Directions for this task: Using the entries below, show all lines with the string "camshaft".

Data to process:
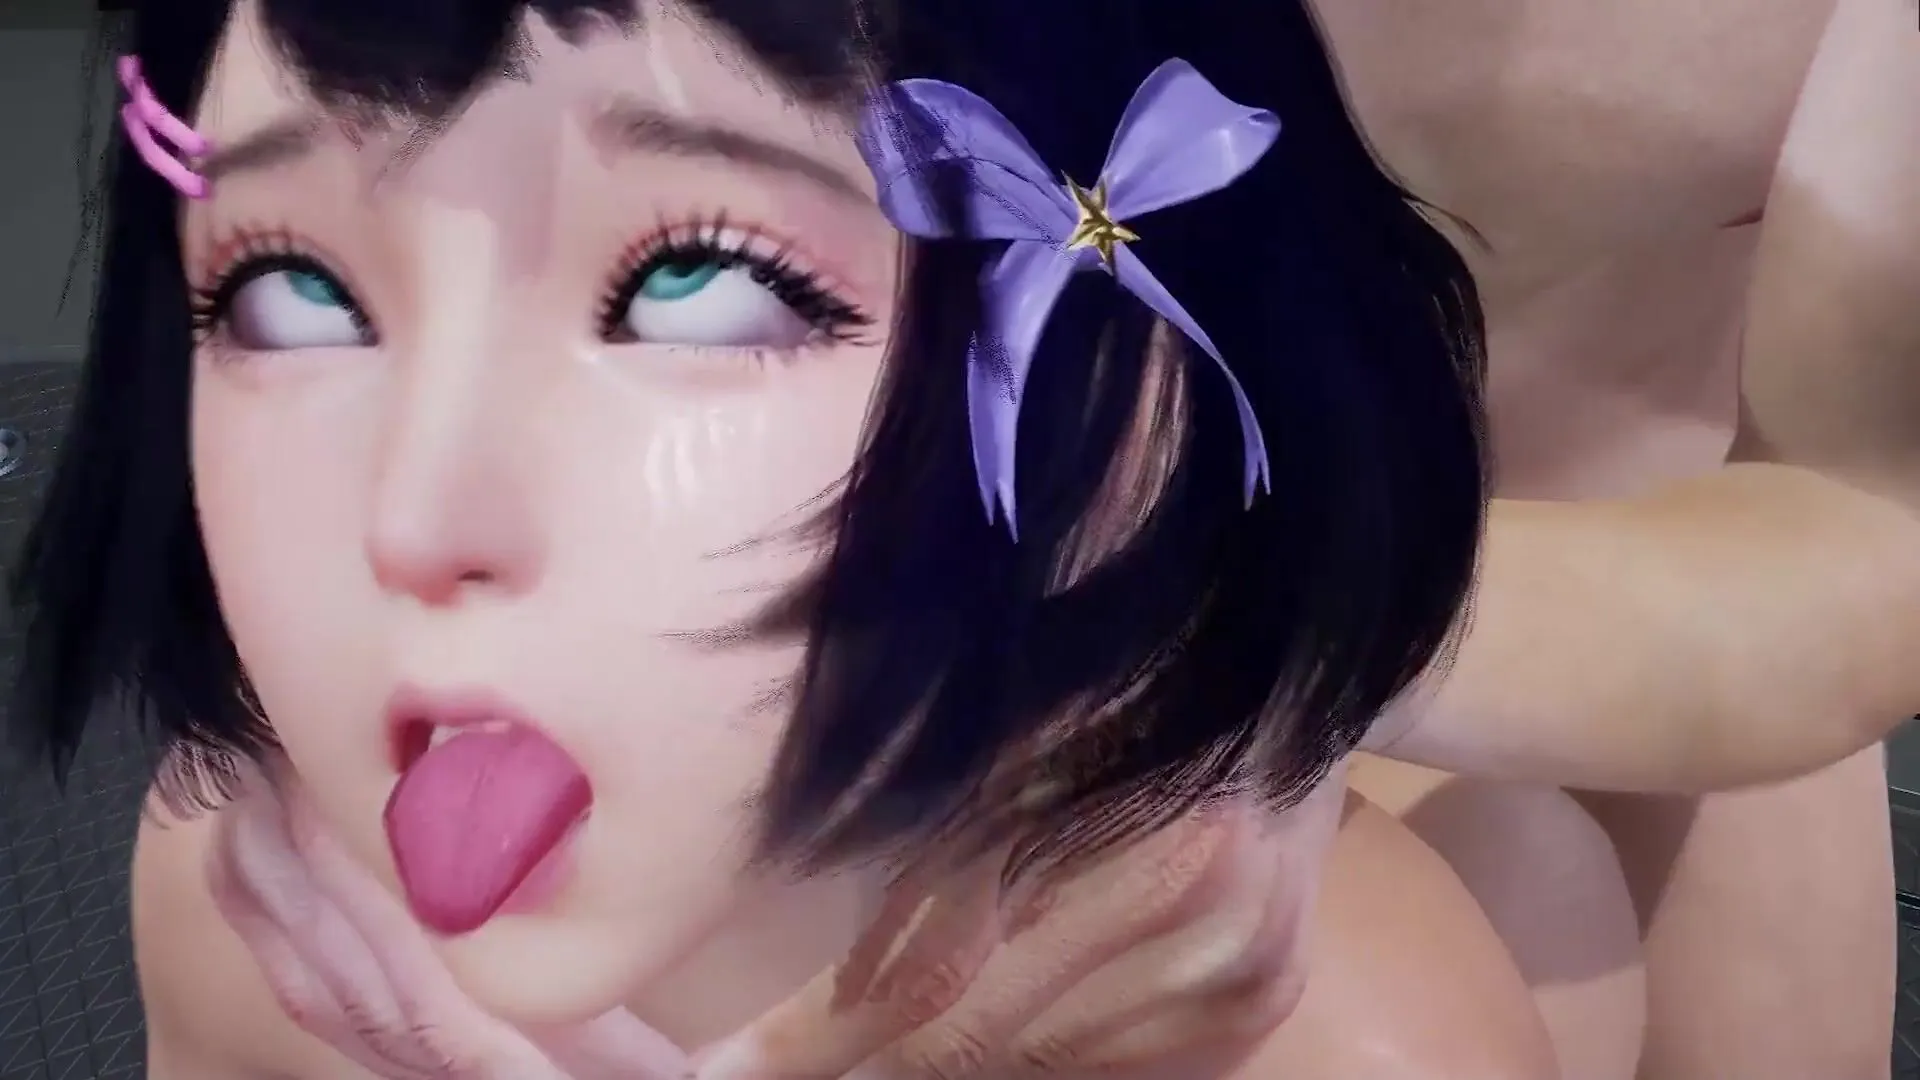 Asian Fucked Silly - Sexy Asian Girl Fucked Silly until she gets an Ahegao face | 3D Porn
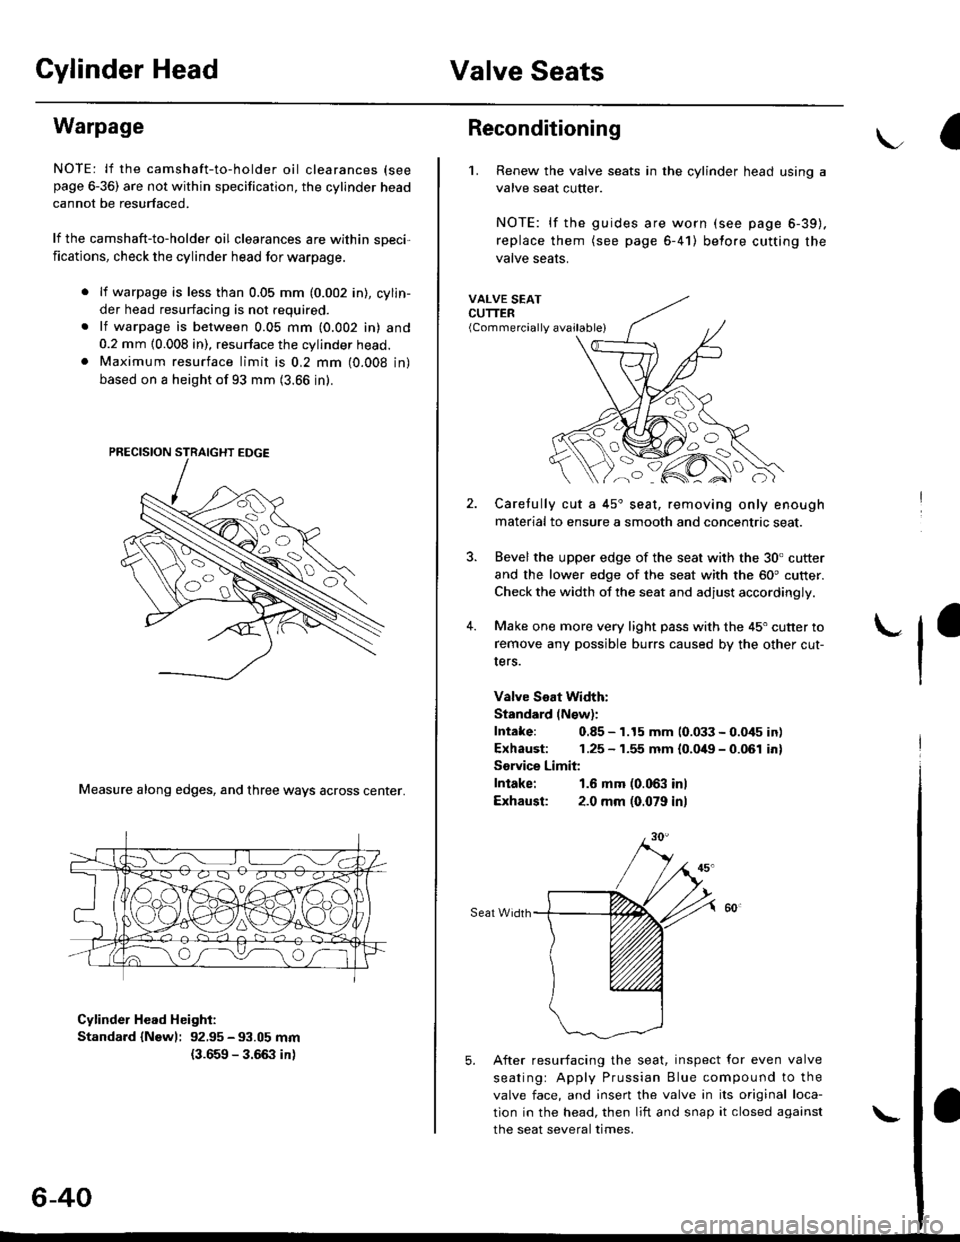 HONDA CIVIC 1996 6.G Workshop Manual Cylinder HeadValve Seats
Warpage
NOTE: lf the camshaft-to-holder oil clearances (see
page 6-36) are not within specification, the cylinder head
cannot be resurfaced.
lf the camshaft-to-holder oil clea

* * *

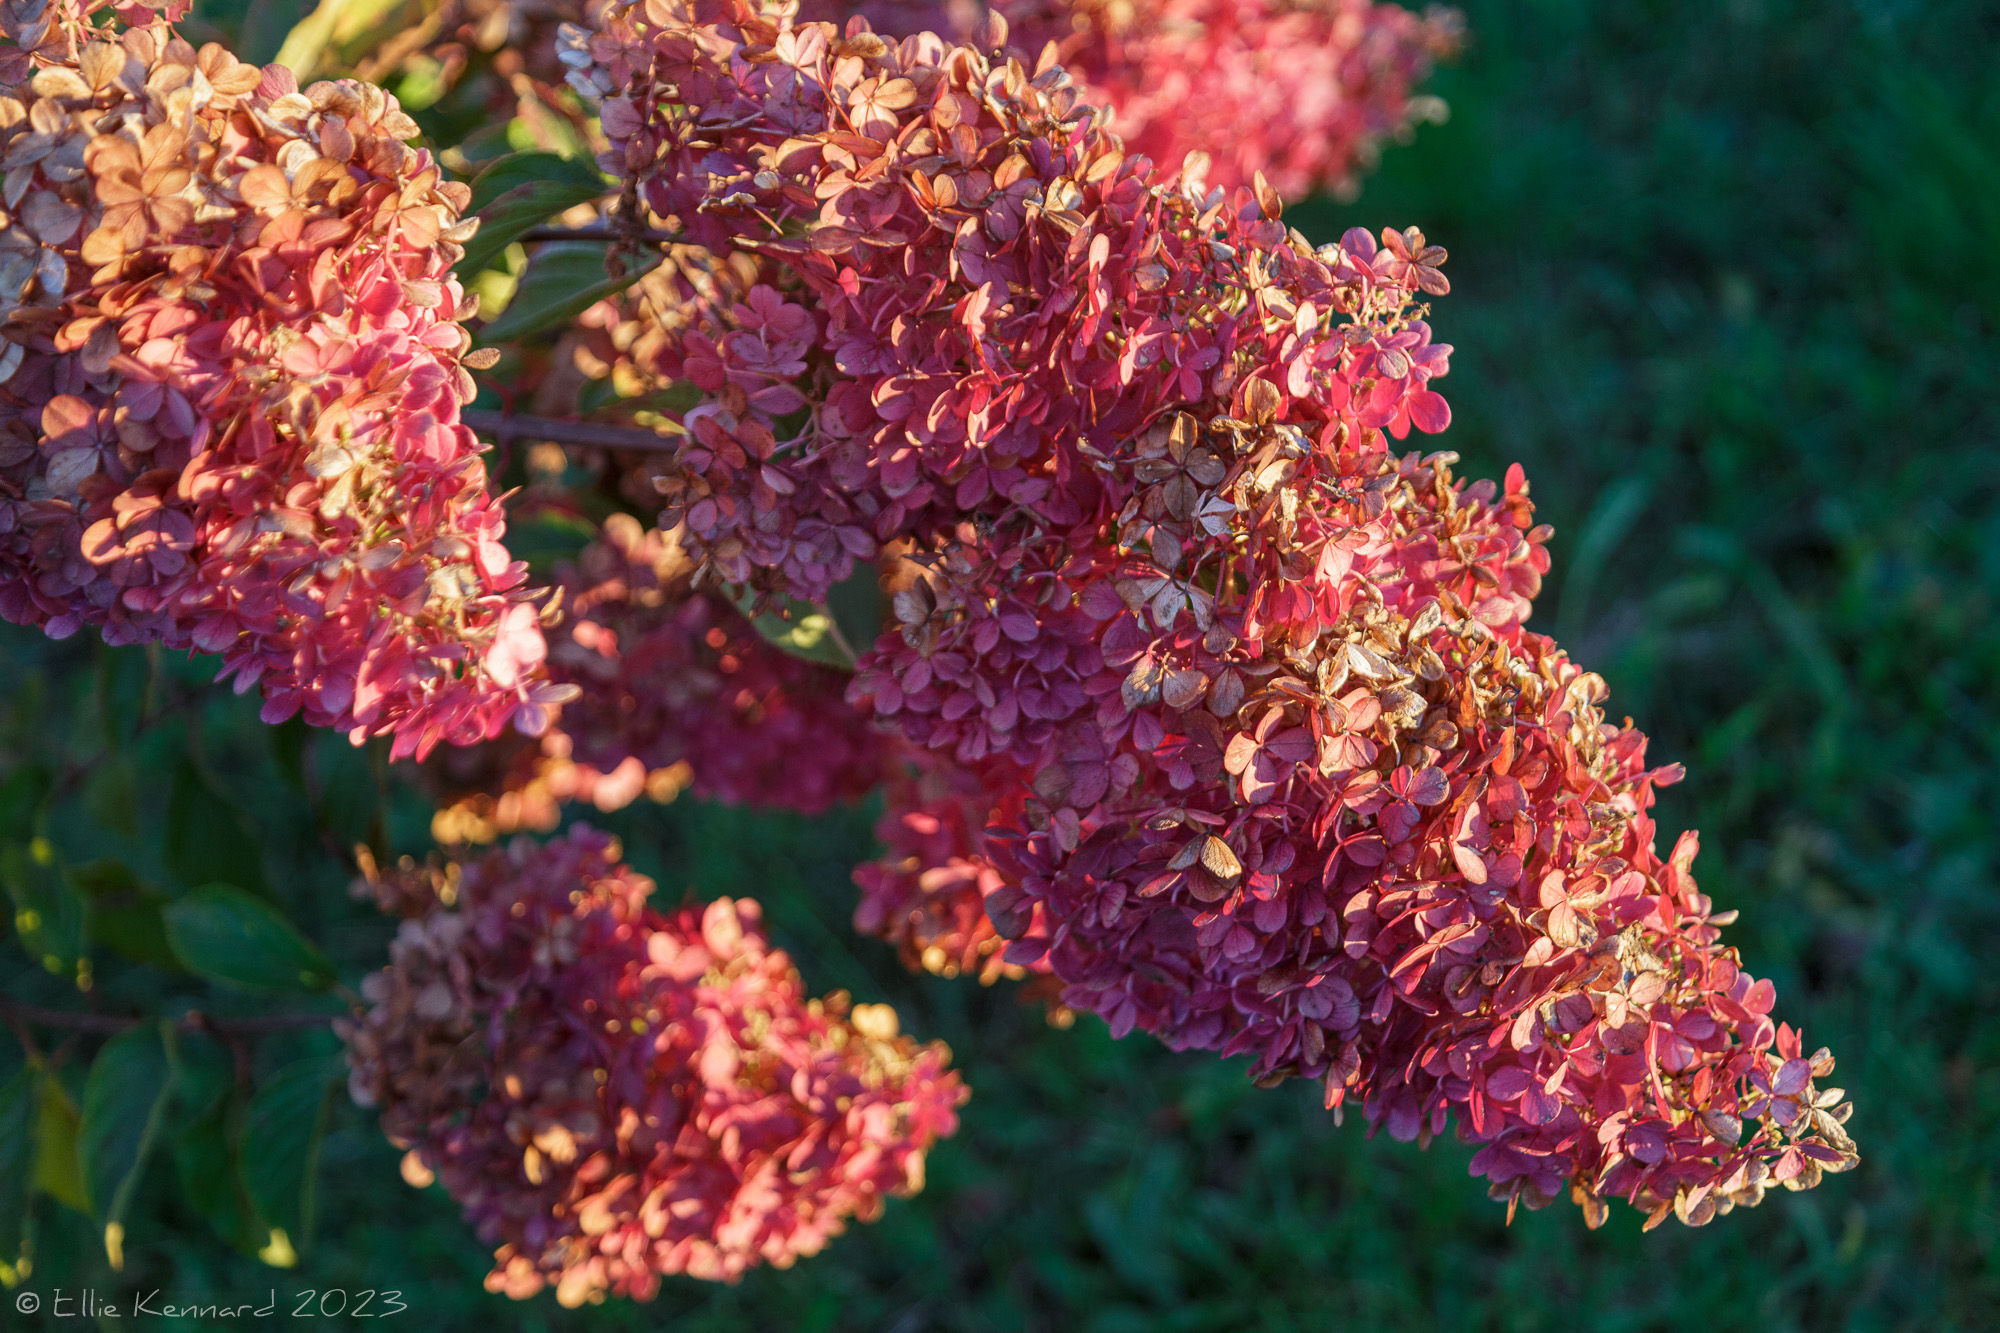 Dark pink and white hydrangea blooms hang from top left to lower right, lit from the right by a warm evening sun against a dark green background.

* * *

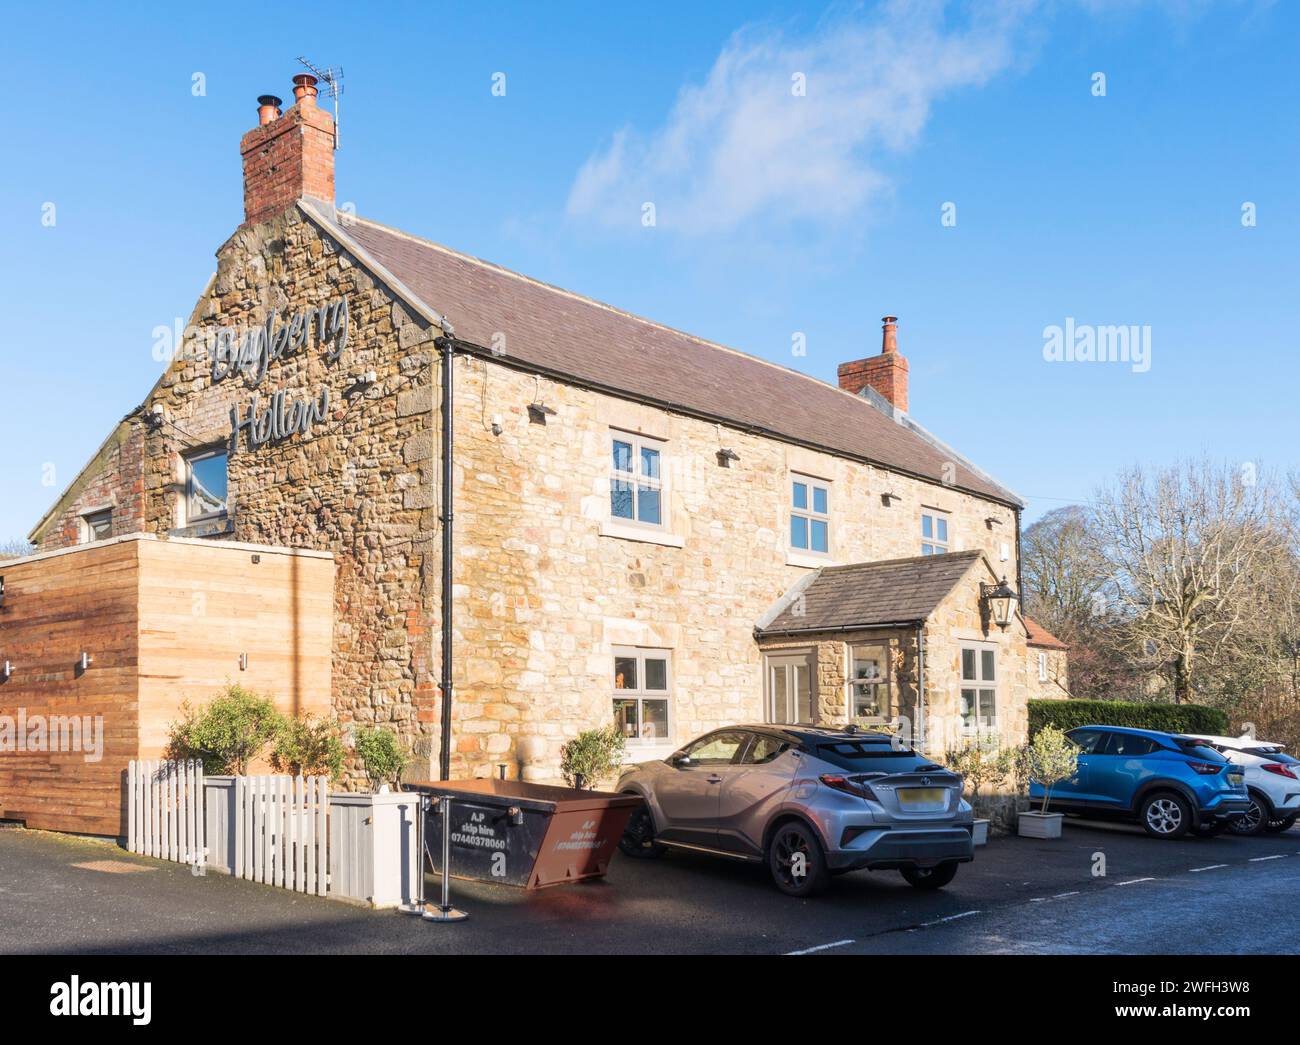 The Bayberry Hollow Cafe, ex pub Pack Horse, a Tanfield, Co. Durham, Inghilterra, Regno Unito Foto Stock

Exercise solution:
NOTE: lf the camshaft-to-holder oil clearances (see
lf the camshaft-to-holder oil clea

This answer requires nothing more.